• _Data below_
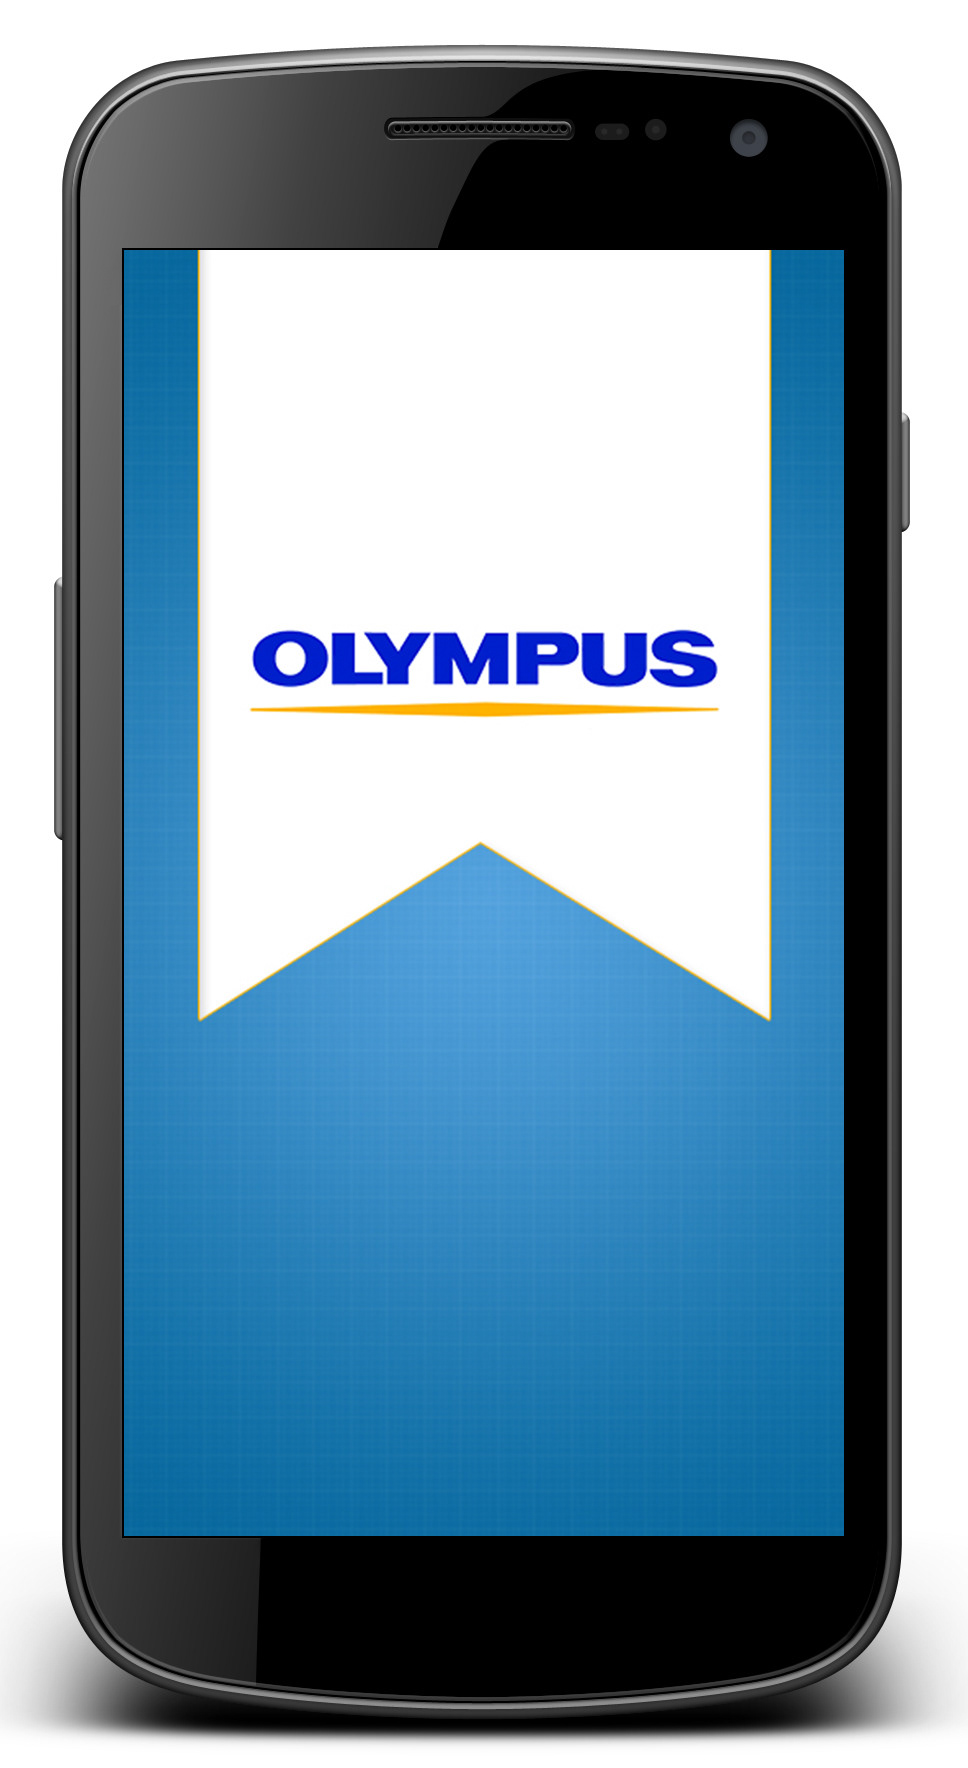 Olympus Application design
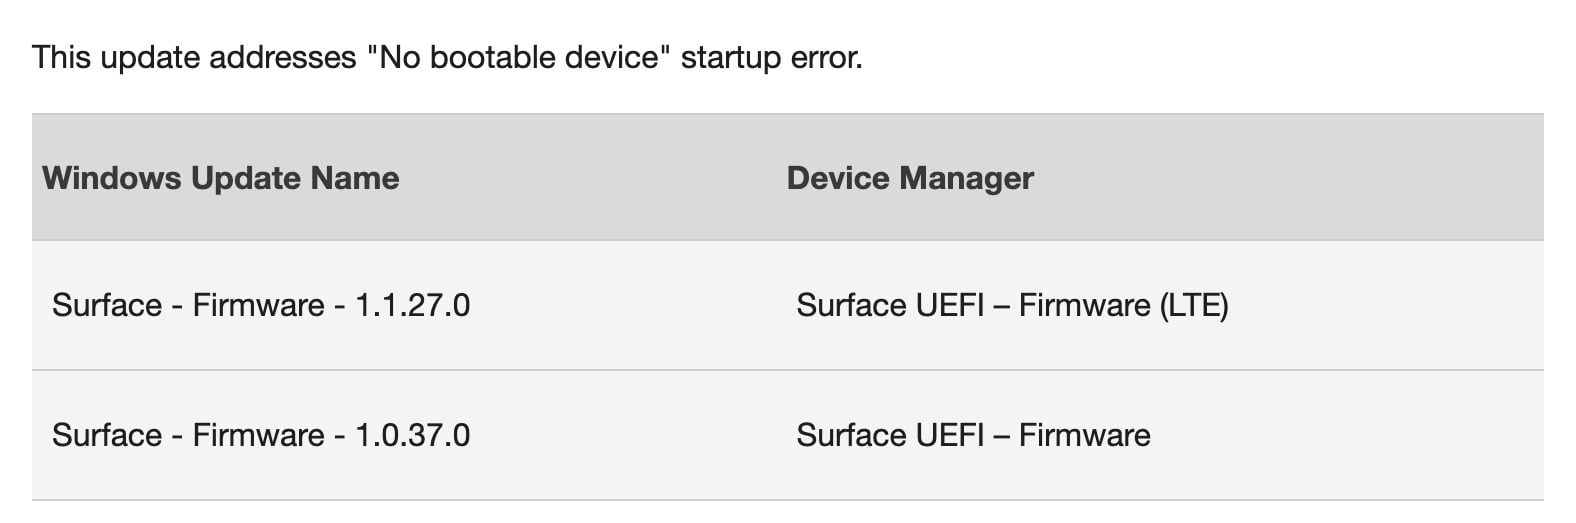 Microsoft Surface Go ได้รับการแก้ไขข้อผิดพลาดในการเริ่มต้นระบบ “ไม่มีอุปกรณ์ที่สามารถบู๊ตได้”
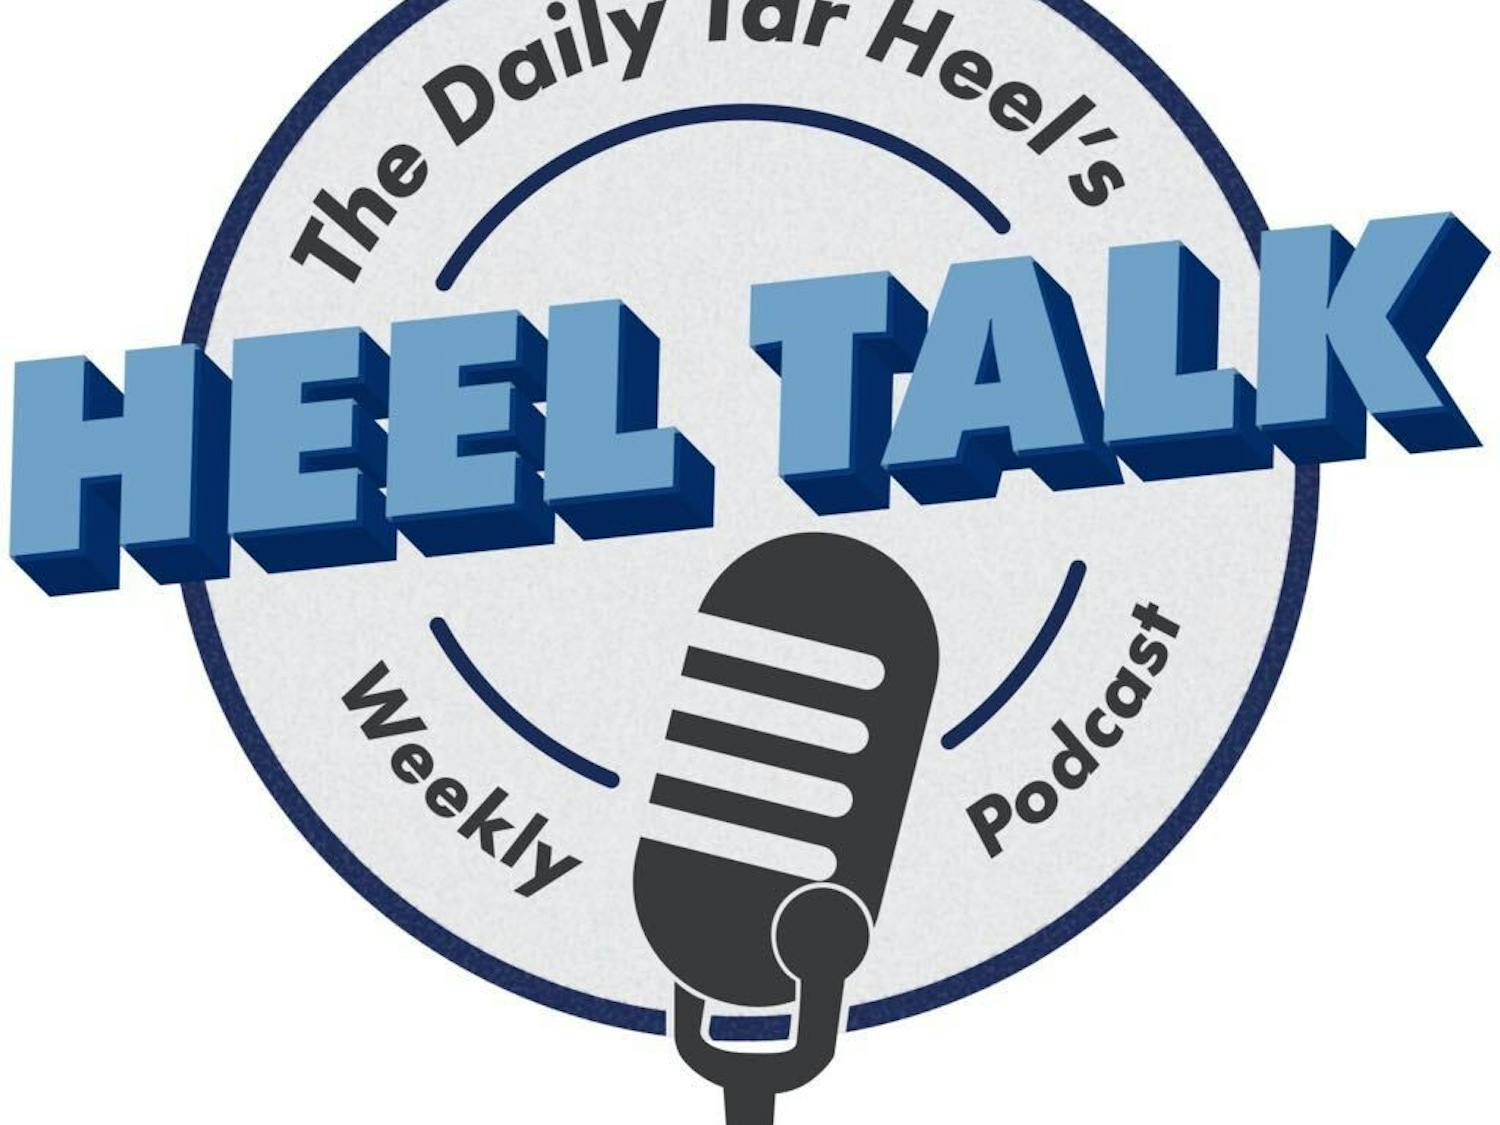 Heel-talk-column-0414

• _Assignment_
Print out the material verbatim, skipping pictures.

• _Exercise output_
 Olympus Application design
 Microsoft Surface Go ได้รับการแก้ไขข้อผิดพลาดในการเริ่มต้นระบบ “ไม่มีอุปกรณ์ที่สามารถบู๊ตได้”
 Heel-talk-column-0414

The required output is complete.